- Assigned task -
Once the line with "n_1907 Oldsmobile Booklet-38-39.jpg" is found in the entries below, print it and each following line exactly, stopping after the line with "Wooden wallpaper with"; print nothing else.

Data for the task section start

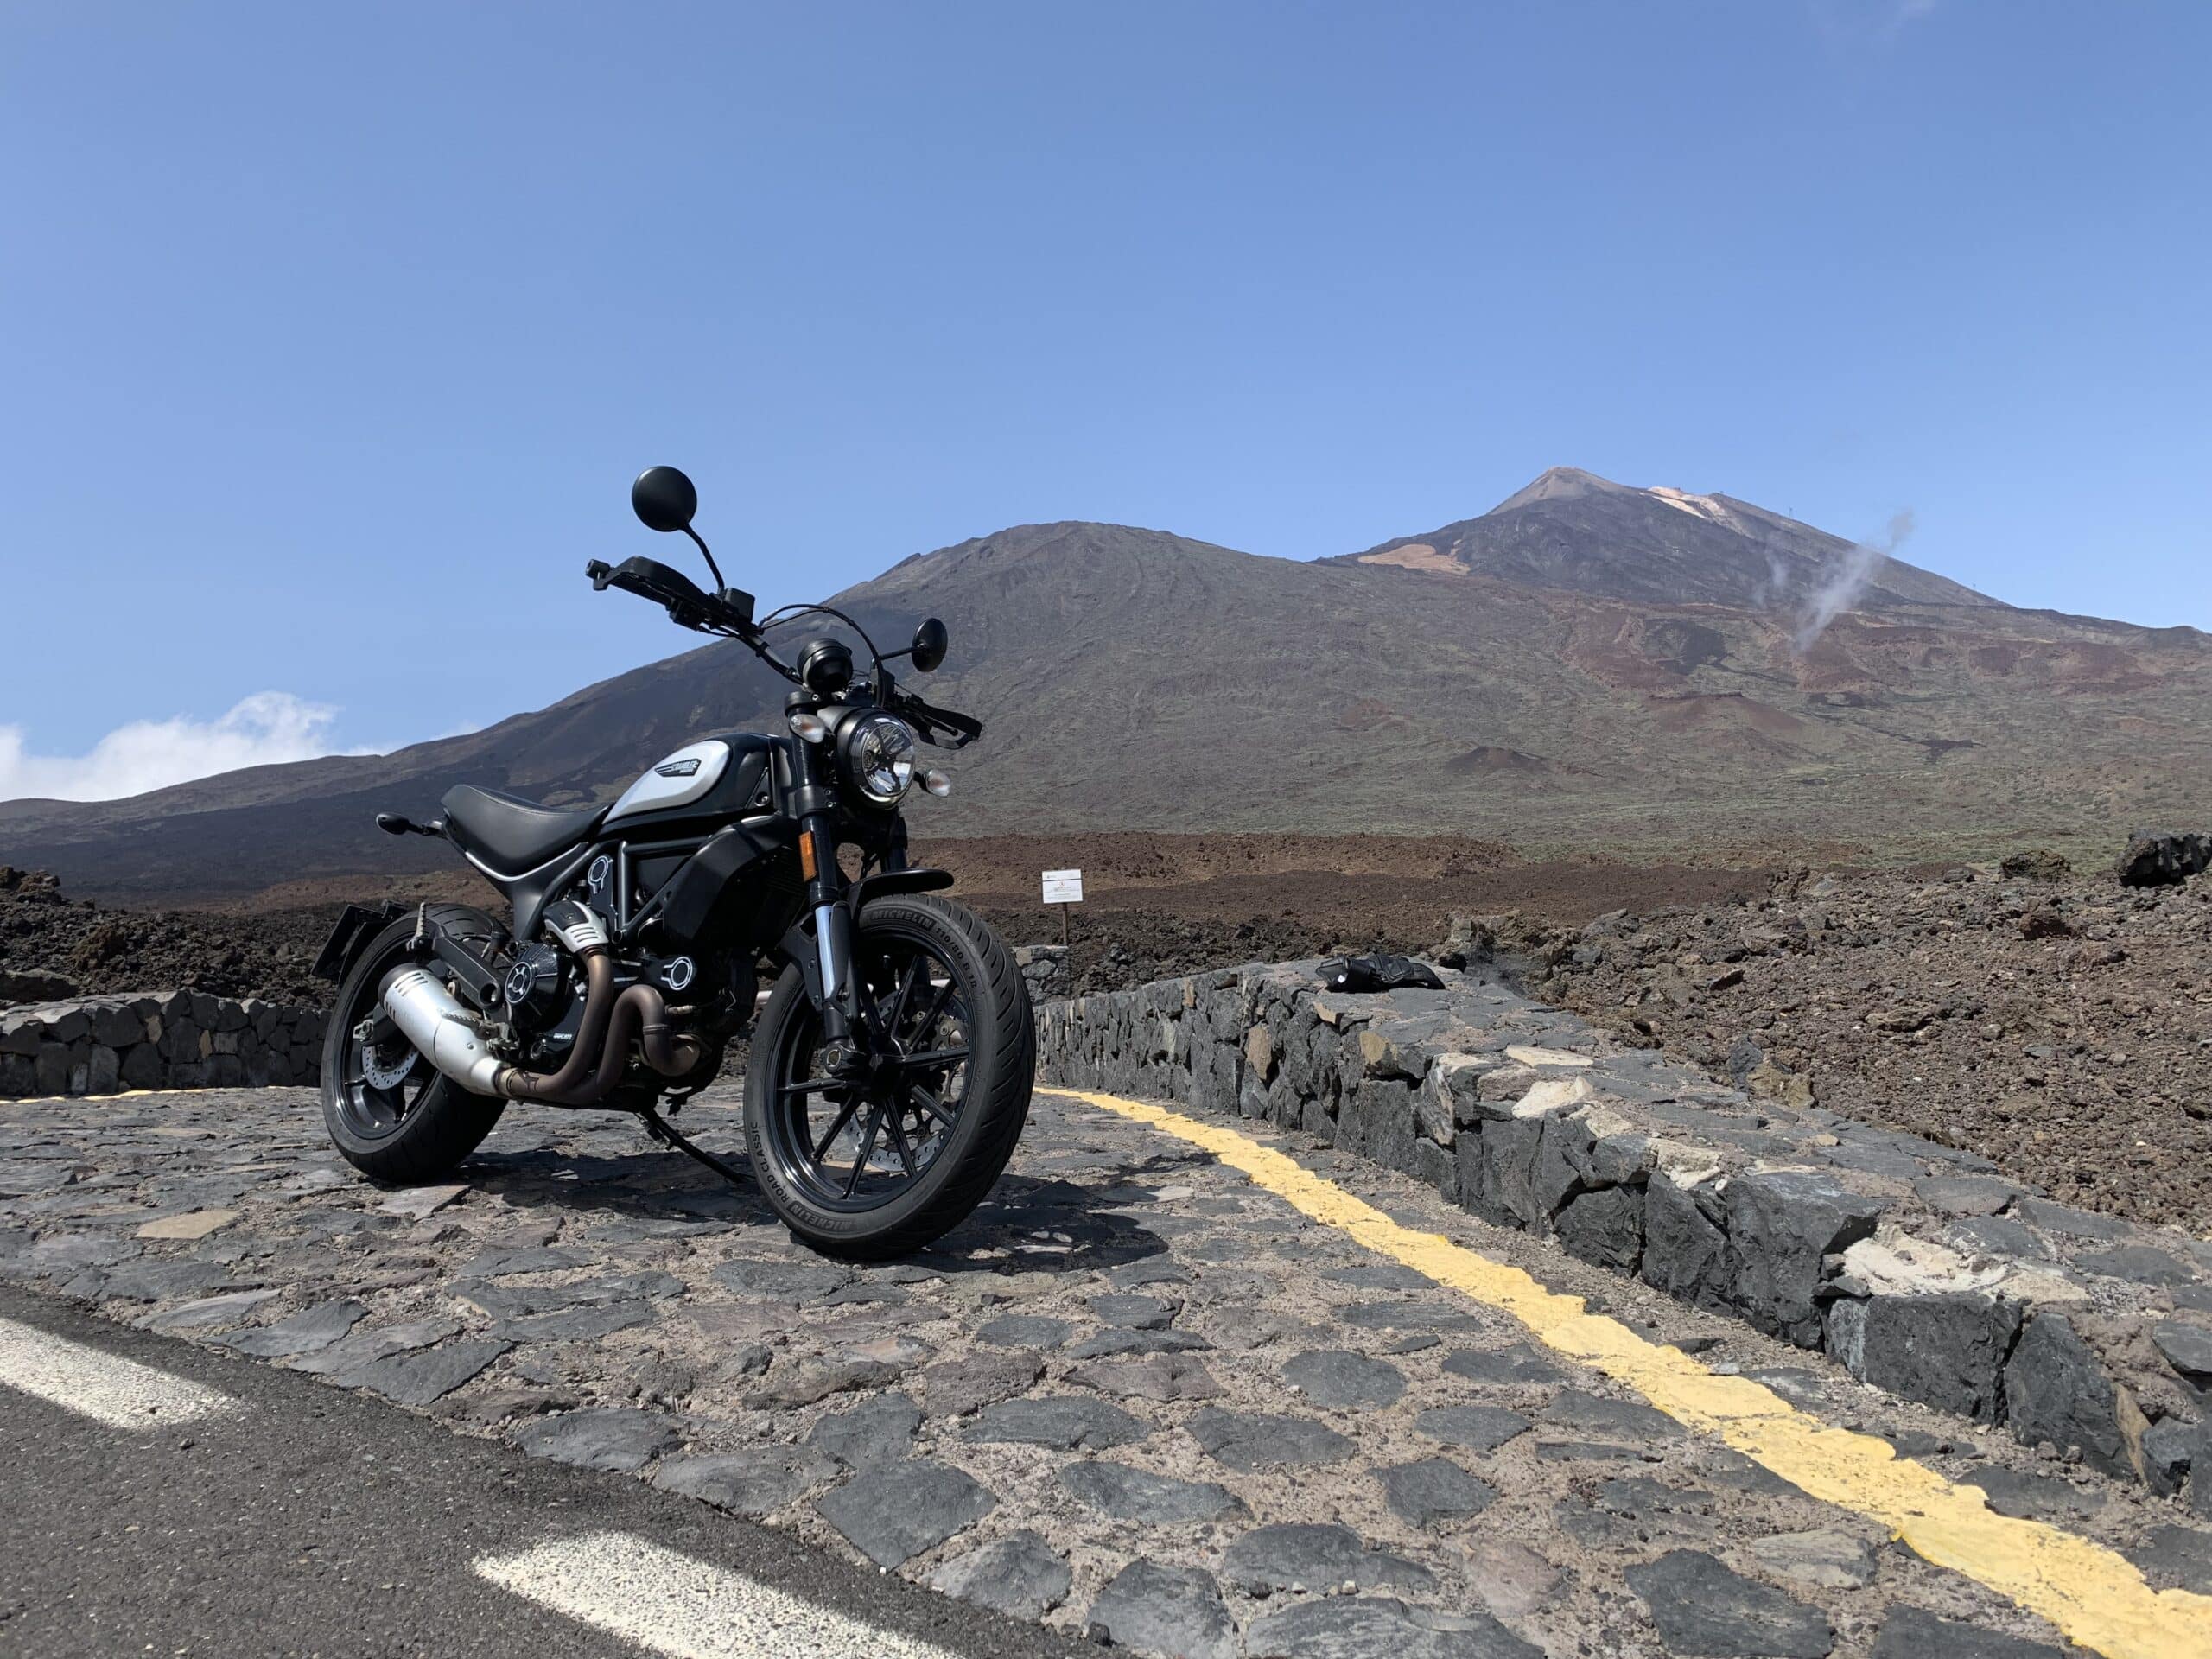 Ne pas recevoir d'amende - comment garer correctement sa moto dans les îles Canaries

Data for the task section end
Data for the task section start

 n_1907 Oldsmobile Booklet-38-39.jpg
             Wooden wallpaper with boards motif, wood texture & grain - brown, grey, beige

Data for the task section end
Data for the task section start

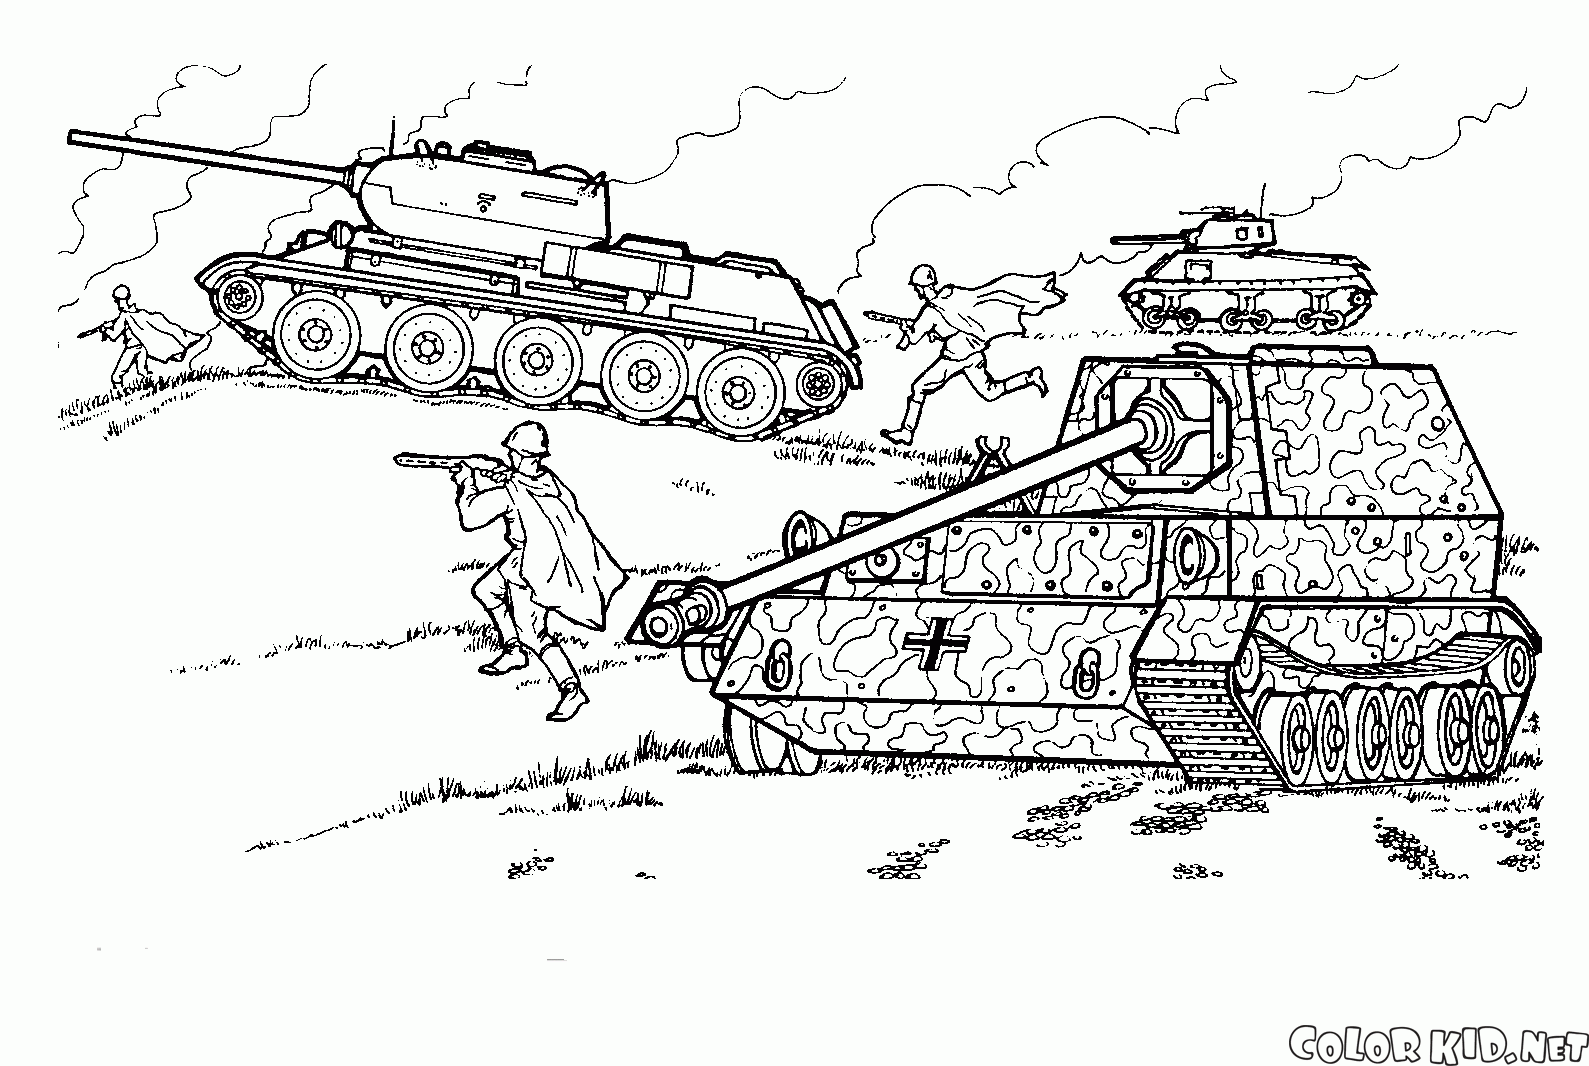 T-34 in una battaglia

Data for the task section end

- Task output -
 n_1907 Oldsmobile Booklet-38-39.jpg
             Wooden wallpaper with boards motif, wood texture & grain - brown, grey, beige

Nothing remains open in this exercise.